原文标题Select numbers from an integer list in a certain percentage? [duplicate]

我需要编写一个加权版本的 random.choice(列表中的每个元素都有不同的被选中概率)。这是我想出的:

def weightedChoice(choices):
    """Like random.choice, but each element can have a different chance of
    being selected.

    choices can be any iterable containing iterables with two items each.
    Technically, they can have more than two items, the rest will just be
    ignored.  The first item is the thing being chosen, the second item is
    its weight.  The weights can be any numeric values, what matters is the
    relative differences between them.
    space = {}
    current = 0
    for choice, weight in choices:
        if weight > 0:
            space[current] = choice
            current += weight
    rand = random.uniform(0, current)
    for key in sorted(space.keys() + [current]):
        if rand < key:
            return choice
        choice = space[key]
    return None




    从 1.7.0 版本开始,NumPy 有了一个支持概率分布的选择函数。

    from numpy.random import choice
    draw = choice(list_of_candidates, number_of_items_to_pick,

    请注意,probability_distribution 是与 list_of_candidates 顺序相同的序列。您还可以使用关键字 replace=False 来更改行为,以便绘制的项目不会被替换。

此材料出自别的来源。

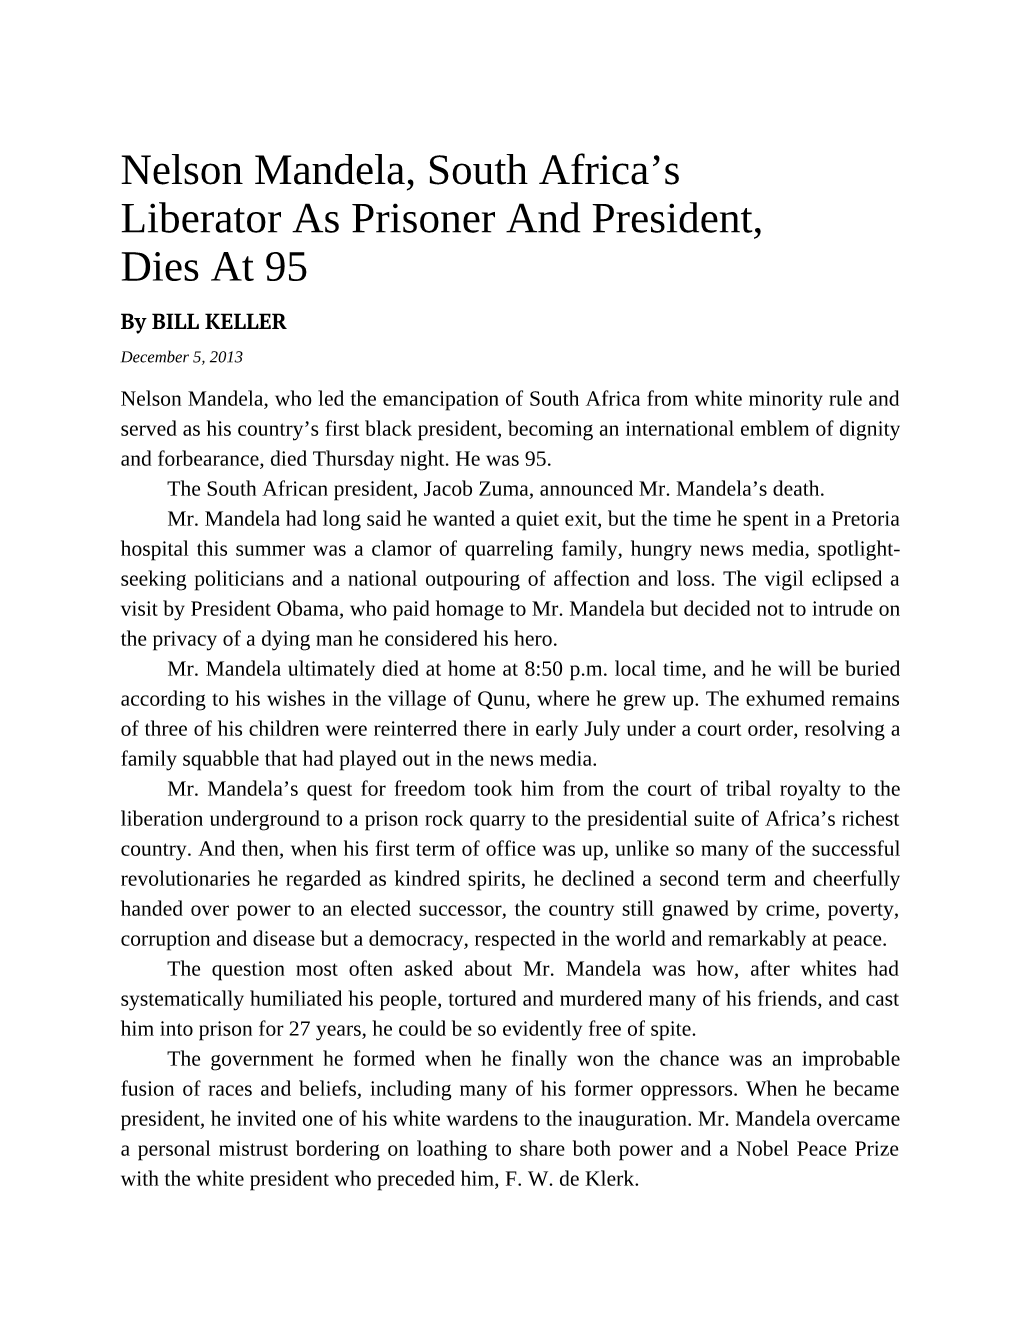 Nelson Mandela, South Africa's Liberator As Prisoner and President

    def choose_index(probabilies):
        cmf = probabilies[0]
        choice = random.random()
        for k in xrange(len(probabilies)):
            if choice <= cmf:
                return k
                cmf += probabilies[k+1]

    无需对您的概率进行排序或使用您的 cmf 创建一个向量,一旦找到它的选择,它就会终止。内存:O(1),时间:O(N),平均运行时间~N/2。


    def choose_index(weights):
        probabilities = weights / sum(weights)
        cmf = probabilies[0]
        choice = random.random()
        for k in xrange(len(probabilies)):
            if choice <= cmf:
                return k
                cmf += probabilies[k+1]
    如果您的加权选择列表是相对静态的,并且您想要频繁采样,则可以执行一个 O(N) 预处理步骤,然后使用此相关答案中的函数在 O(1) 中进行选择。

    # run only when `choices` changes.
    preprocessed_data = prep(weight for _,weight in choices)
    # O(1) selection
    value = choices[sample(preprocessed_data)][0]
    如果你碰巧有 Python 3,并且害怕安装 numpy 或编写自己的循环,你可以这样做:

    import itertools, bisect, random
    def weighted_choice(choices):
       weights = list(zip(*choices))[1]
       return choices[bisect.bisect(list(itertools.accumulate(weights)),
                                    random.uniform(0, sum(weights)))][0]


    import random
    import bisect
        range = xrange
    def weighted_choice(choices):
        total, cumulative = 0, []
        for c,w in choices:
            total += w
            cumulative.append((total, c))
        r = random.uniform(0, total)
        # return index
        return bisect.bisect(cumulative, (r,))
        # return item string
        #return choices[bisect.bisect(cumulative, (r,))][0]
    # define choices and relative weights
    choices = [("WHITE",90), ("RED",8), ("GREEN",2)]
    tally = [0 for item in choices]
    n = 100000
    # tally up n weighted choices
    for i in range(n):
        tally[weighted_choice(choices)] += 1
    print([t/sum(tally)*100 for t in tally])
    这是另一个使用 numpy 的 weighted_choice 版本。传入权重向量,它将返回一个由 0 组成的数组,其中包含一个 1,表示选择了哪个 bin。代码默认只进行一次抽奖,但您可以传入要进行的抽奖次数,并且将返回每个抽奖箱的计数。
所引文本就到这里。